Exercise instructions: At the line containing "LE FLAMBEAU ( TORCH", begin an exact copy of the lines below and continue through the final one, with no pictures.

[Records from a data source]
◆ ◆ ◆ ◆

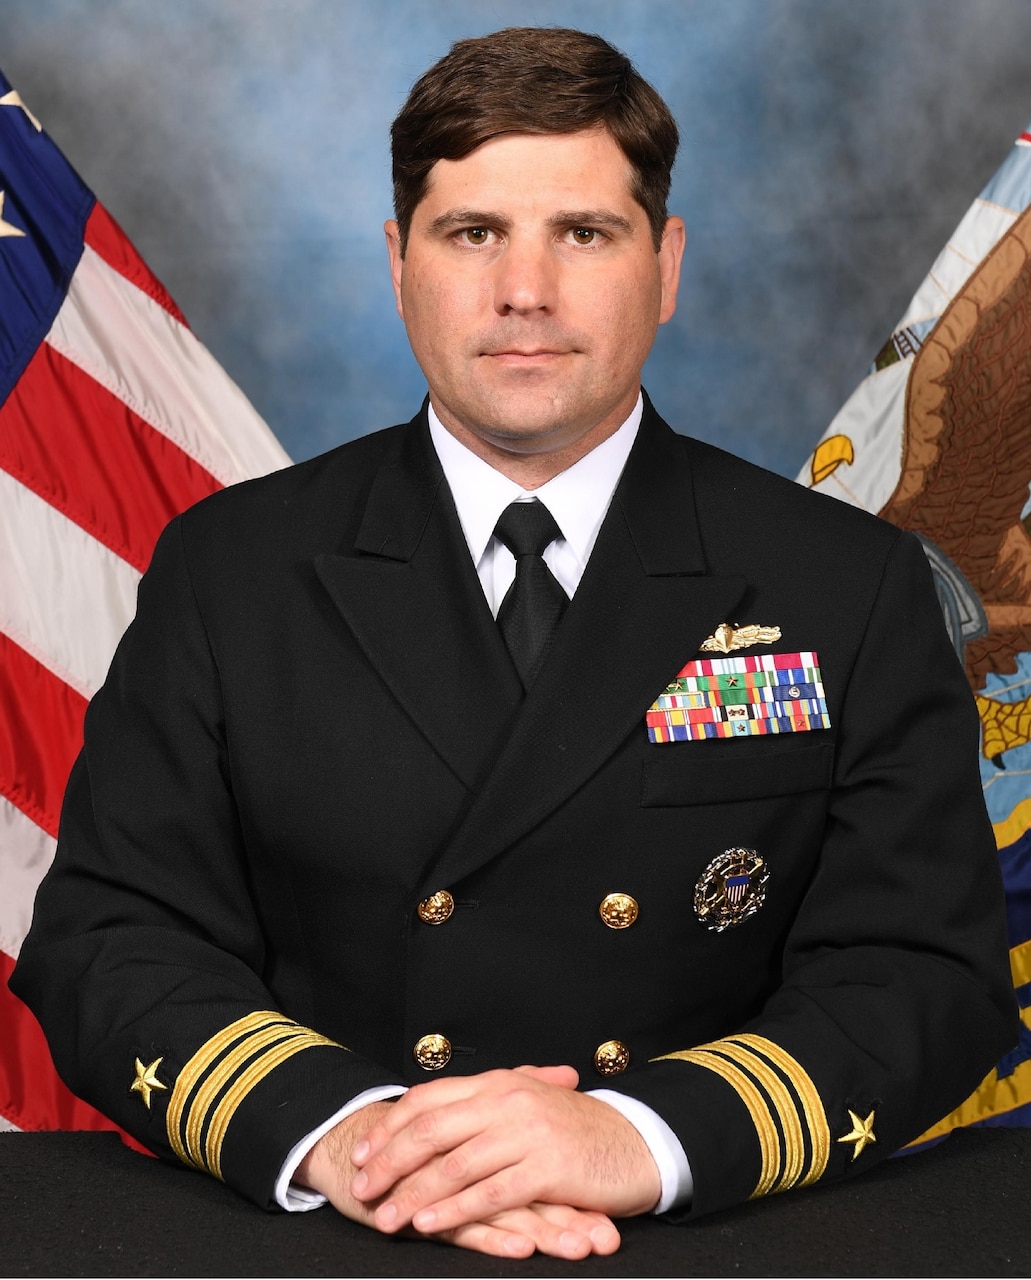 Commander Justin M. Bummara
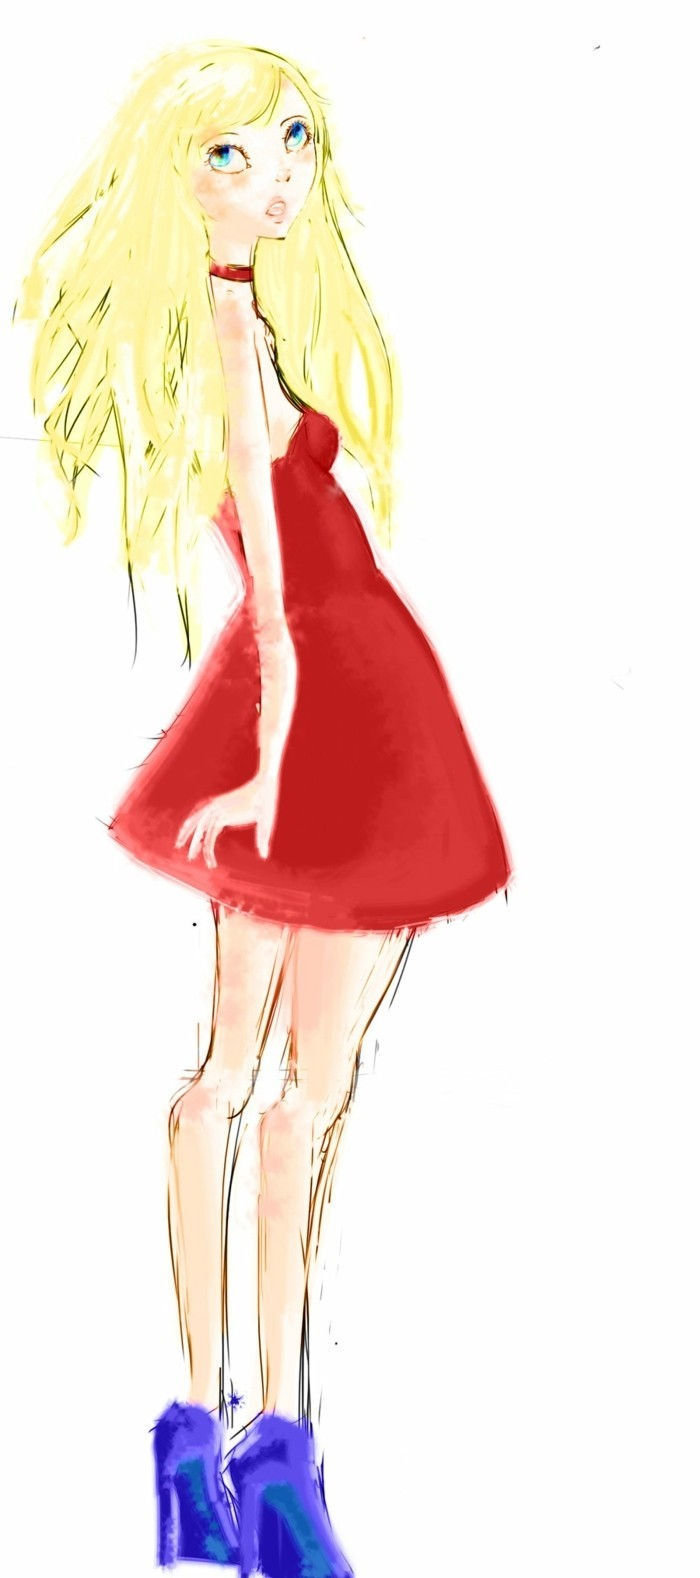 what-vojde-to-červeno-dress-paint-Model-design-červeno-modré kontrasty vytvoriť-blond-girl-shape
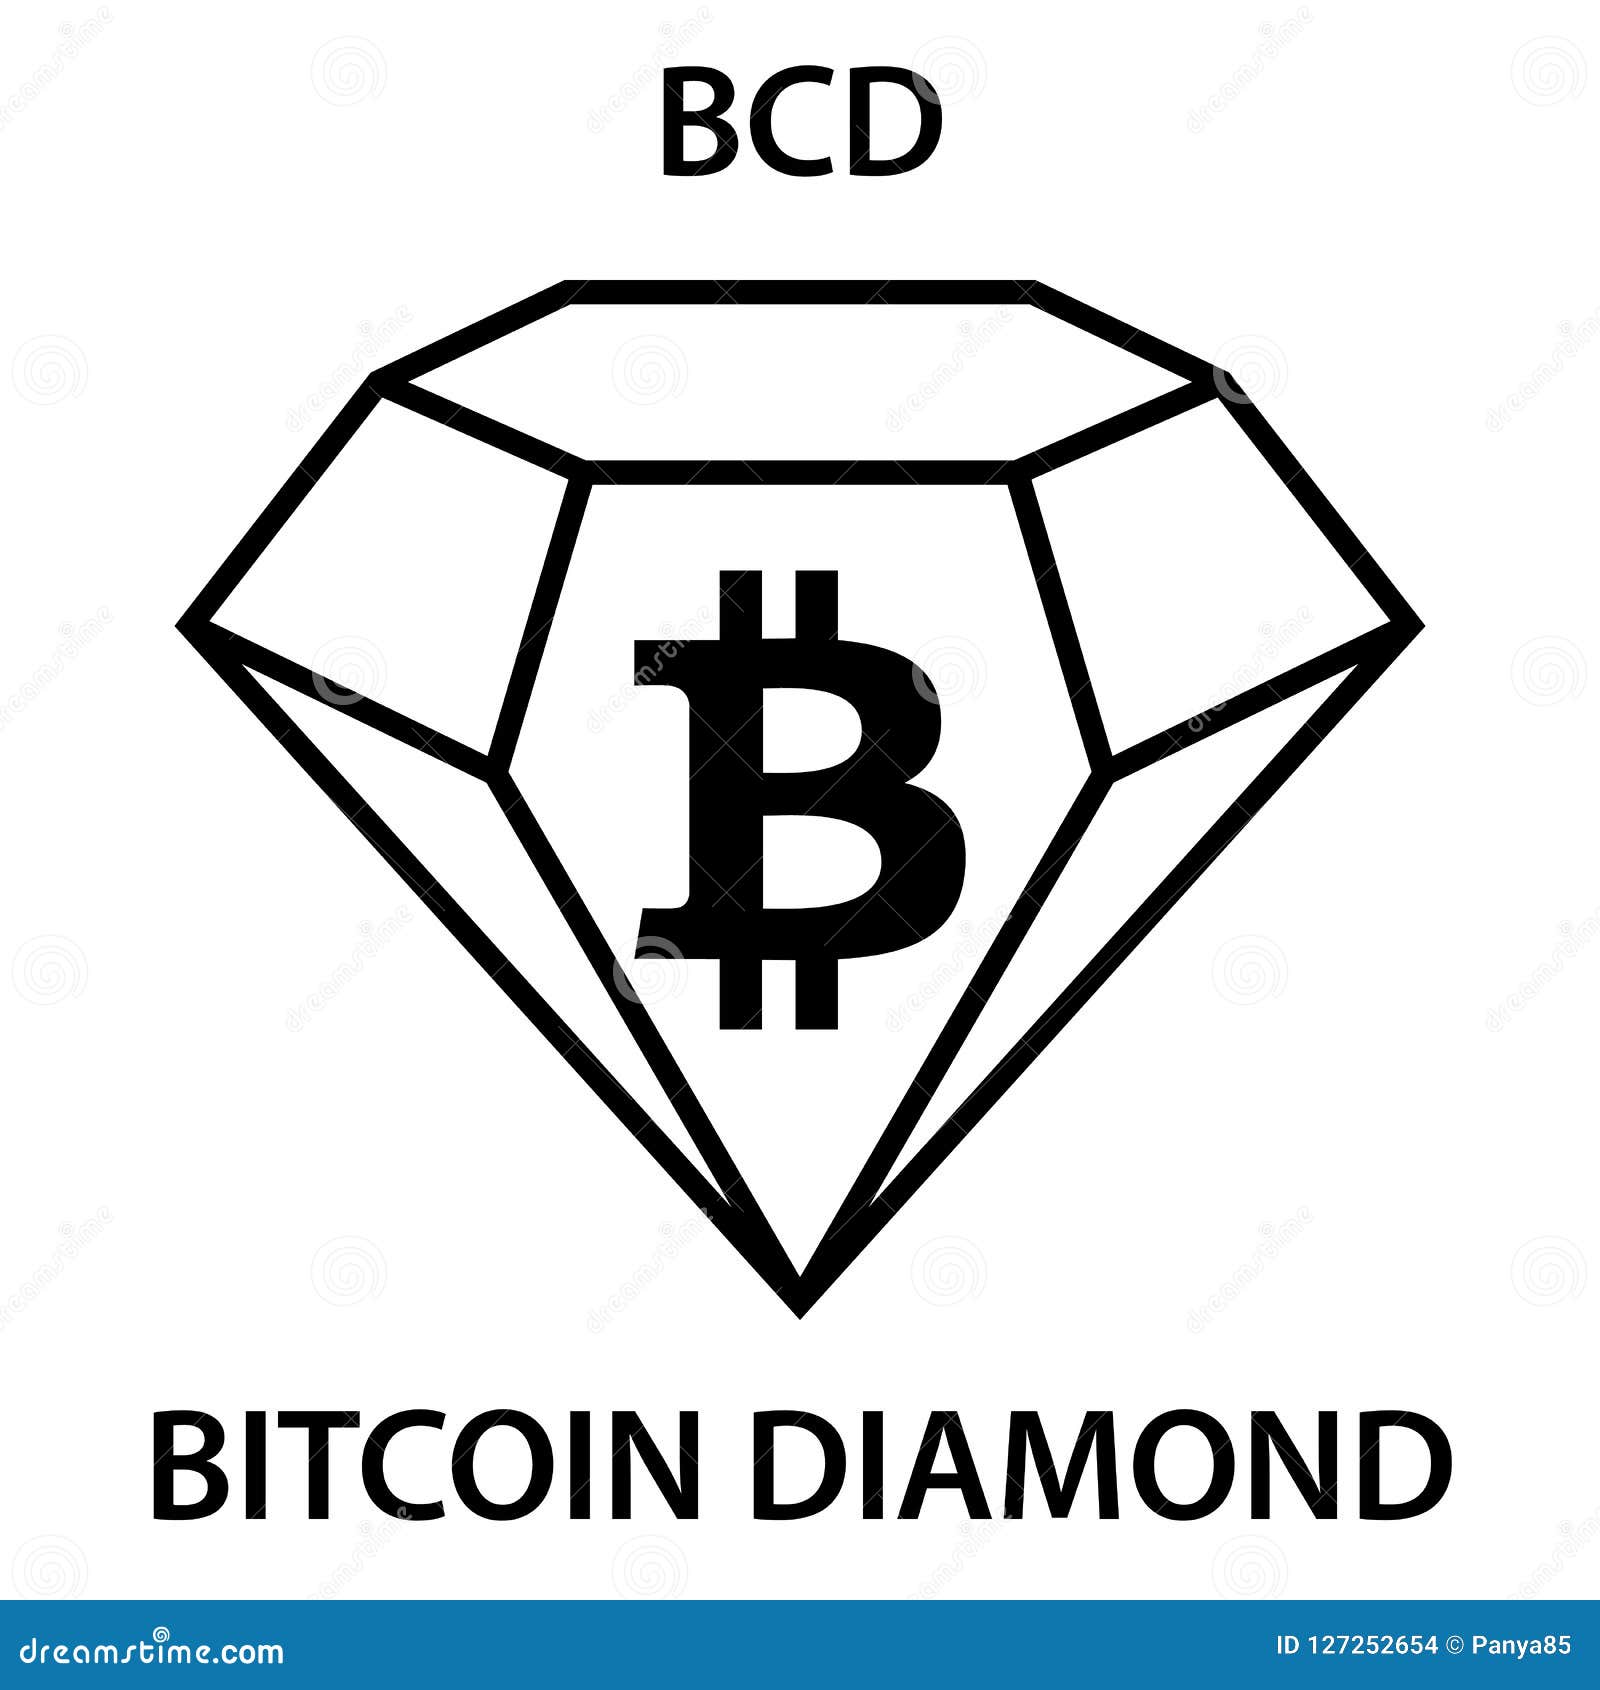 DIAMOND price now, Live DIAMOND price, marketcap, chart, and info | CoinCarp
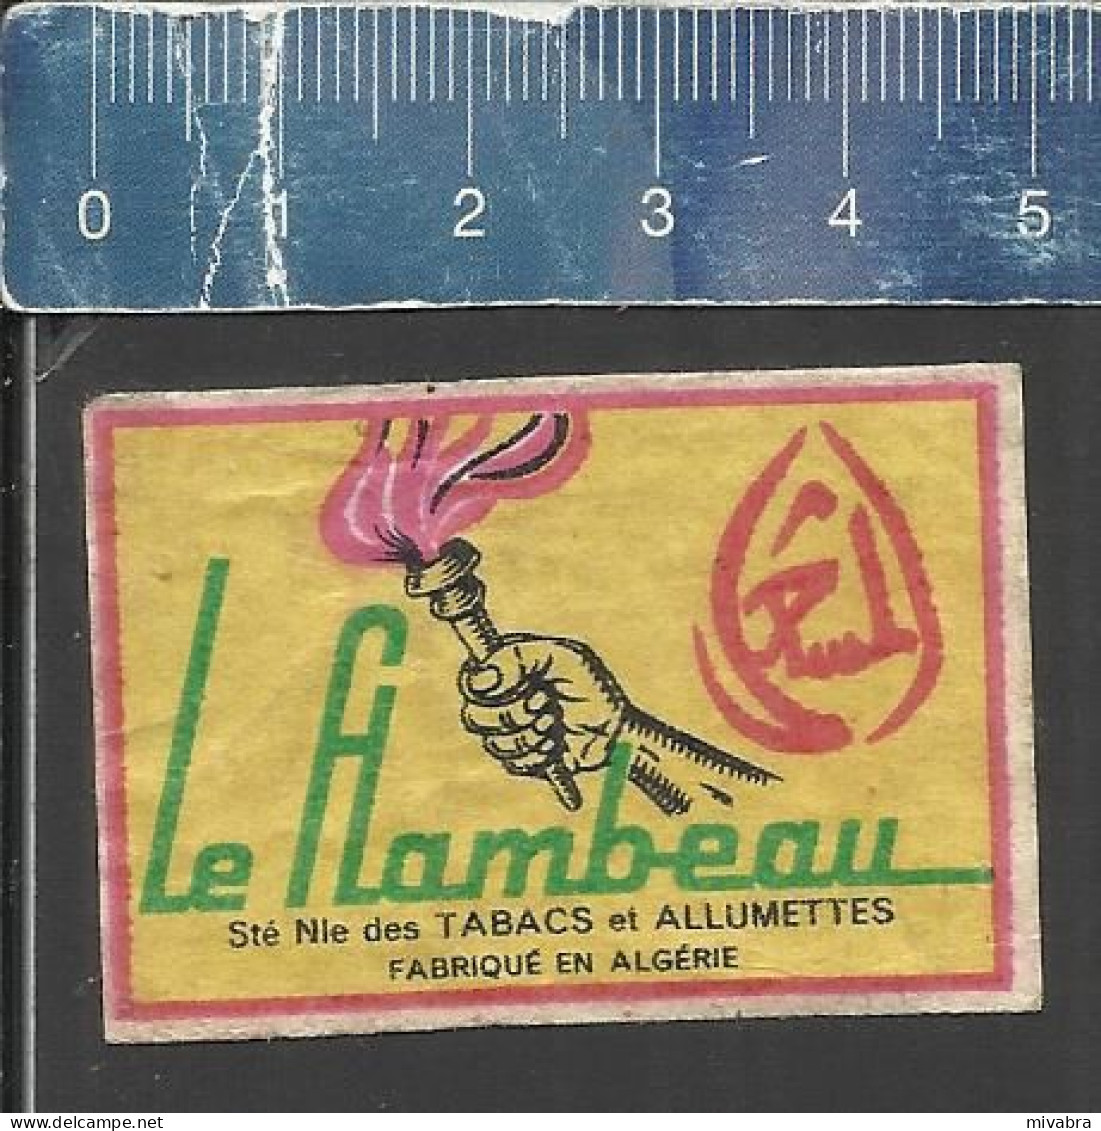 LE FLAMBEAU ( TORCH FAKKEL ) - OLD MATCHBOX LABEL ALGERIA - Scatole Di Fiammiferi - Etichette
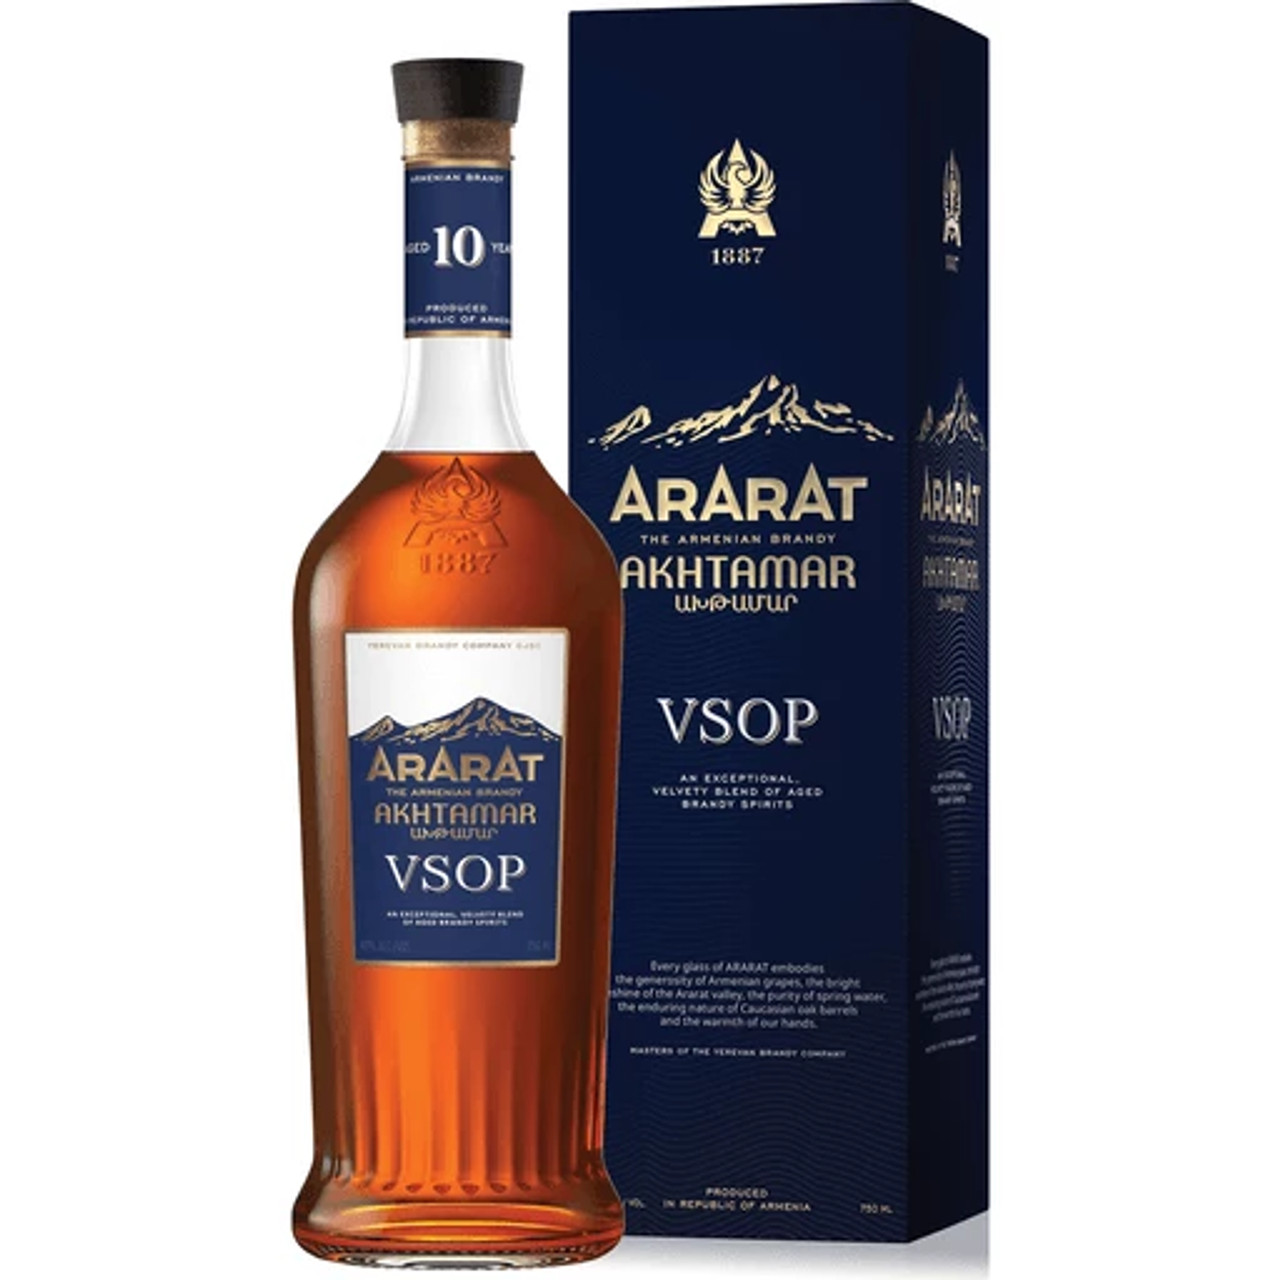 Ararat Akhtamar 10 Year Old VSOP Armenian Brandy 700mL

◆ ◆ ◆ ◆

Task solution:
 LE FLAMBEAU ( TORCH FAKKEL ) - OLD MATCHBOX LABEL ALGERIA - Scatole Di Fiammiferi - Etichette
 Ararat Akhtamar 10 Year Old VSOP Armenian Brandy 700mL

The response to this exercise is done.